Voter Registration Purge
A US Supreme Court ruling from earlier this year validated a massive purge of Ohio’s voting rolls that removed about a million registered names between 2011 and 2015. Voters who failed to vote for two consecutive years were mailed a registration confirmation. Those who responded stayed on the rolls, and those who didn’t were purged. While Republican advocates said the purge was meant to scrub the rolls of people who had moved or died, and fraudsters, voting rights activists challenged the measure in court for purging the rolls of an unknown number of infrequent voters.
However, voters who recently discovered they had been purged received good news Wednesday, when the 6th US Circuit Court of Appeals ruled that Ohio election officials must provide provisional ballots to these voters on request. This decision could become a significant factor in this year’s election, especially in tight races, such as the Buckeye State’s gubernatorial contest and some House races.
Absentee Ballot Problems
As of October 26, more than 1.2 million voters had requested absentee ballots, and more than 700,000 ballots had been received by election officials.
But Butler County has a big problem that could potentially deny the vote to more than 3,000 Ohioans. Twenty thousand absentee ballots were sent to voters with a printing error, according to Diane Noonan, director of the Butler County Board of Elections. The mistake could prompt confused voters to enter an incomplete driver’s license number.
Butler County election officials have currently identified 180 absentee-ballot voters who received the incorrect ballots; as of Friday, 156 of these voters had been contacted, according to Eric Corbin, deputy director of the Butler County Board of Elections. He says election office staff have called and sent letters to anyone potentially affected, and they also contacted the local media. As a last resort, staffers will try to find these people at their homes.
“I so badly want this number to go down to zero,” Corbin told WhoWhatWhy, “but there may be a voter or two we can’t get to.”
Corbin said up to 3,600 voters could be affected, although he estimated that the actual number of harmed voters may turn out to be much lower, around 36 voters.
Noonan cited state code as the reason for taking such exhaustive measures to track down affected voters.

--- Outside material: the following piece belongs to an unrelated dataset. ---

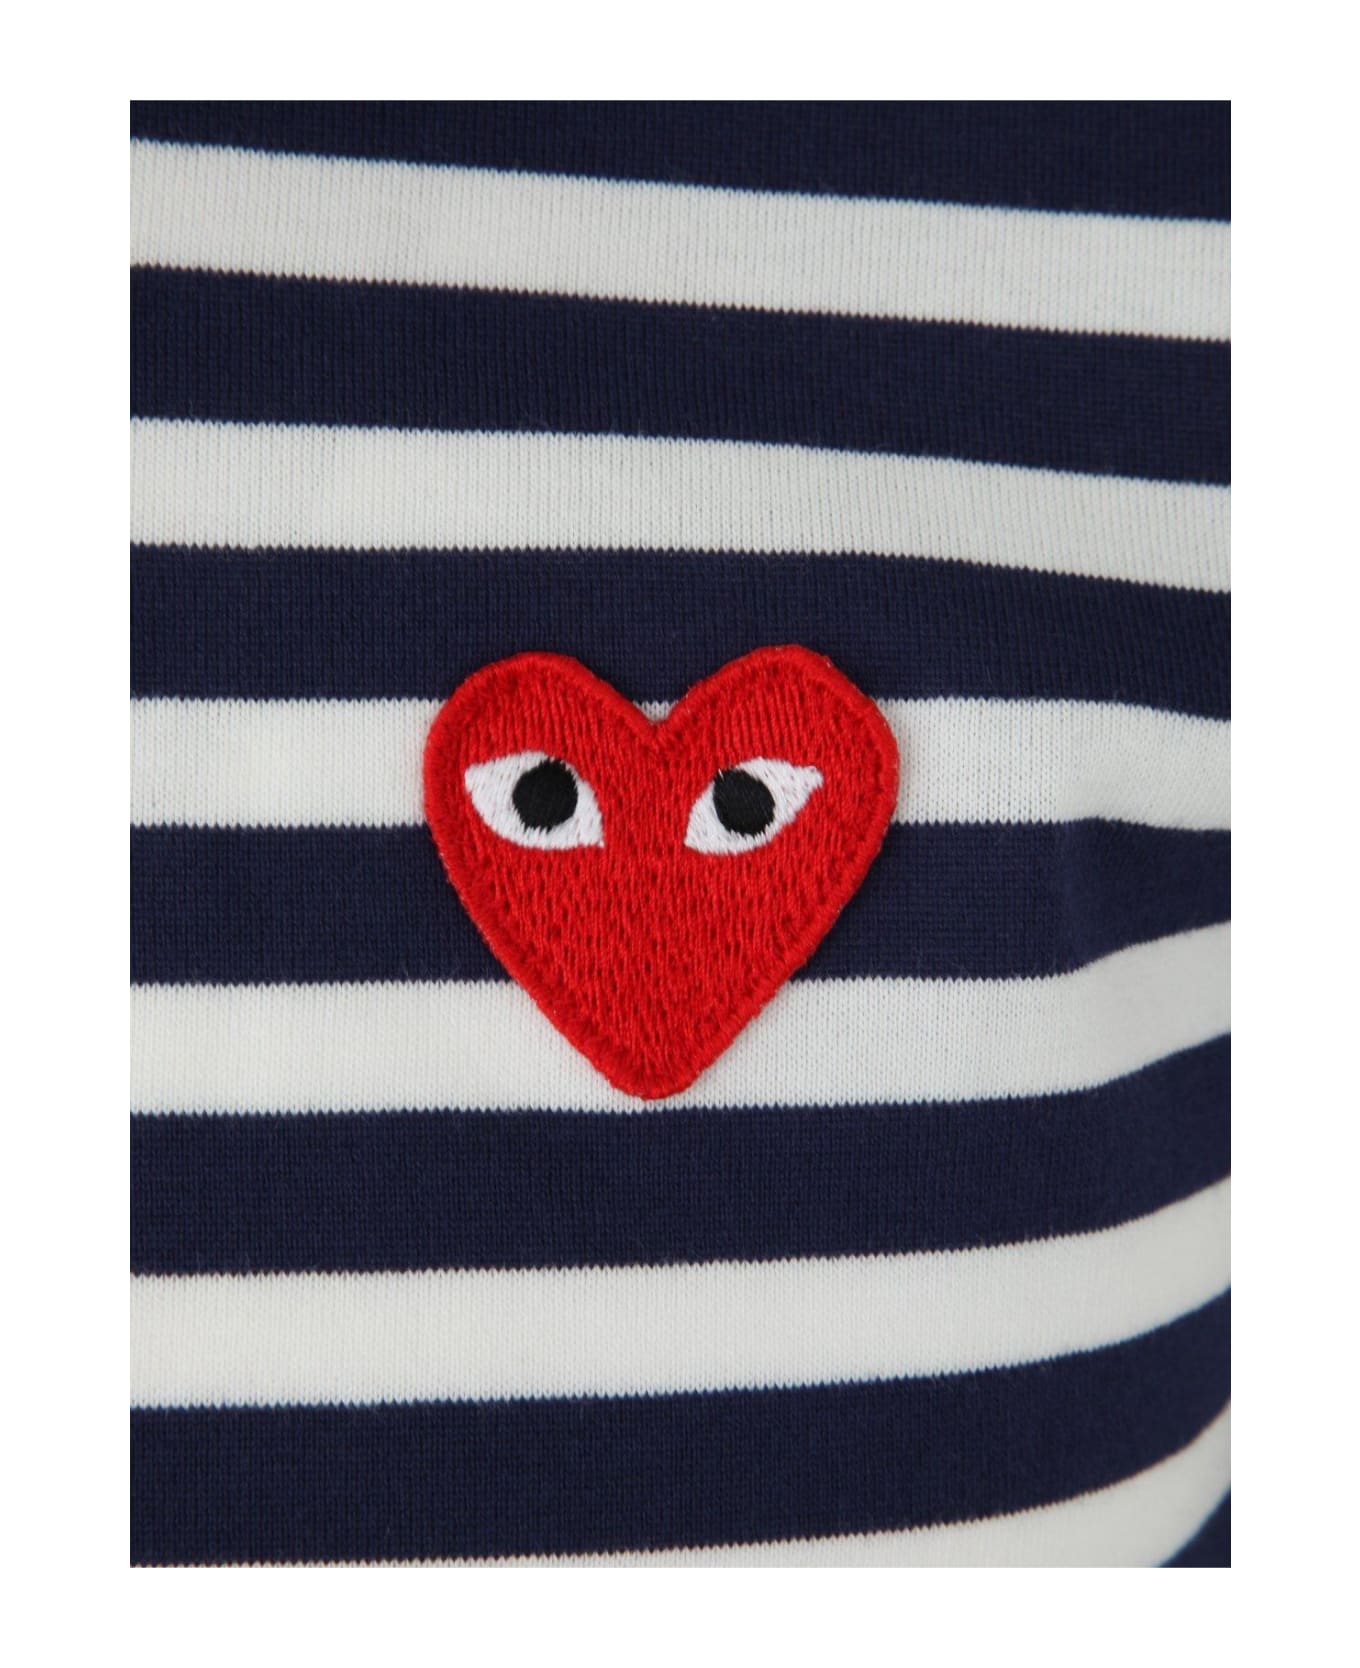 Comme des Garçons Play Striped Logo Motif T-shirt - Navy シャツ

She said the incomplete absentee ballots that are not corrected by voters will be considered invalid. She plans to make a formal request of Secretary of State Husted to validate them, but the outcome of that request is uncertain.

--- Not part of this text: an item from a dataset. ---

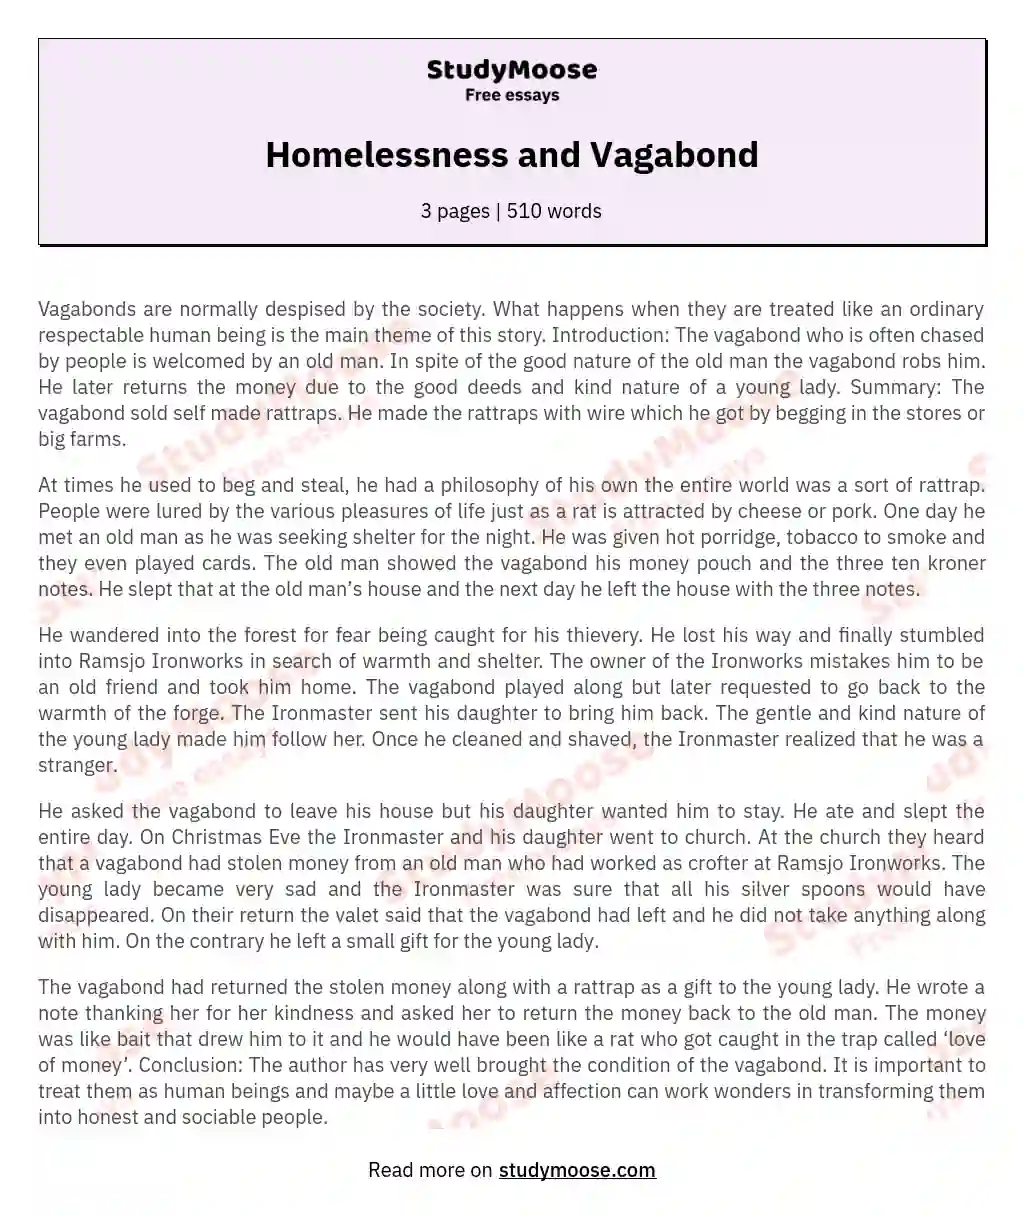 Homelessness and Vagabond essay

Mike Brickner, director of All Voting Is Local, is particularly worried about absentee voters who live overseas or serve in the military, who may be difficult or impossible to contact in time. Brickner also thinks the county board of elections is taking too strict an interpretation of state code in chasing after these ballots. “No one is challenging whether they are eligible voters,” he said.
Even mailing the ballots can turn out to be an obstacle. In some counties, a single “Forever” stamp is insufficient to cover the postage of absentee ballots. Ballots in these counties, because they have several pages or a larger format, weigh more than a standard letter.
Voters in those counties, however, may not be aware of this, and simply mail in the ballot without weighing it first. Turcer recommends that absentee voters can avoid possible problems by weighing their envelopes before mailing them.
For instance, in Hamilton County, voters who live in Cincinnati need two stamps (or have to pay 71 cents in postage) to mail an absentee ballot, whereas voters outside the city need only one stamp (50 cents in postage).
Postage for absentee ballots is not a new issue in Ohio, said Brickner. There were various ways, official and unofficial, that this was dealt with, but in this election it is unclear what the official state policy is.
“It’s leading to quite a bit of fear and confusion,” Brickner said.
He has sent a formal letter, co-signed by Common Cause Ohio, the League of Women Voters, and the Ohio Voter Rights Coalition, seeking clarification from Ohio Secretary of State Jon Husted. He has not received a reply.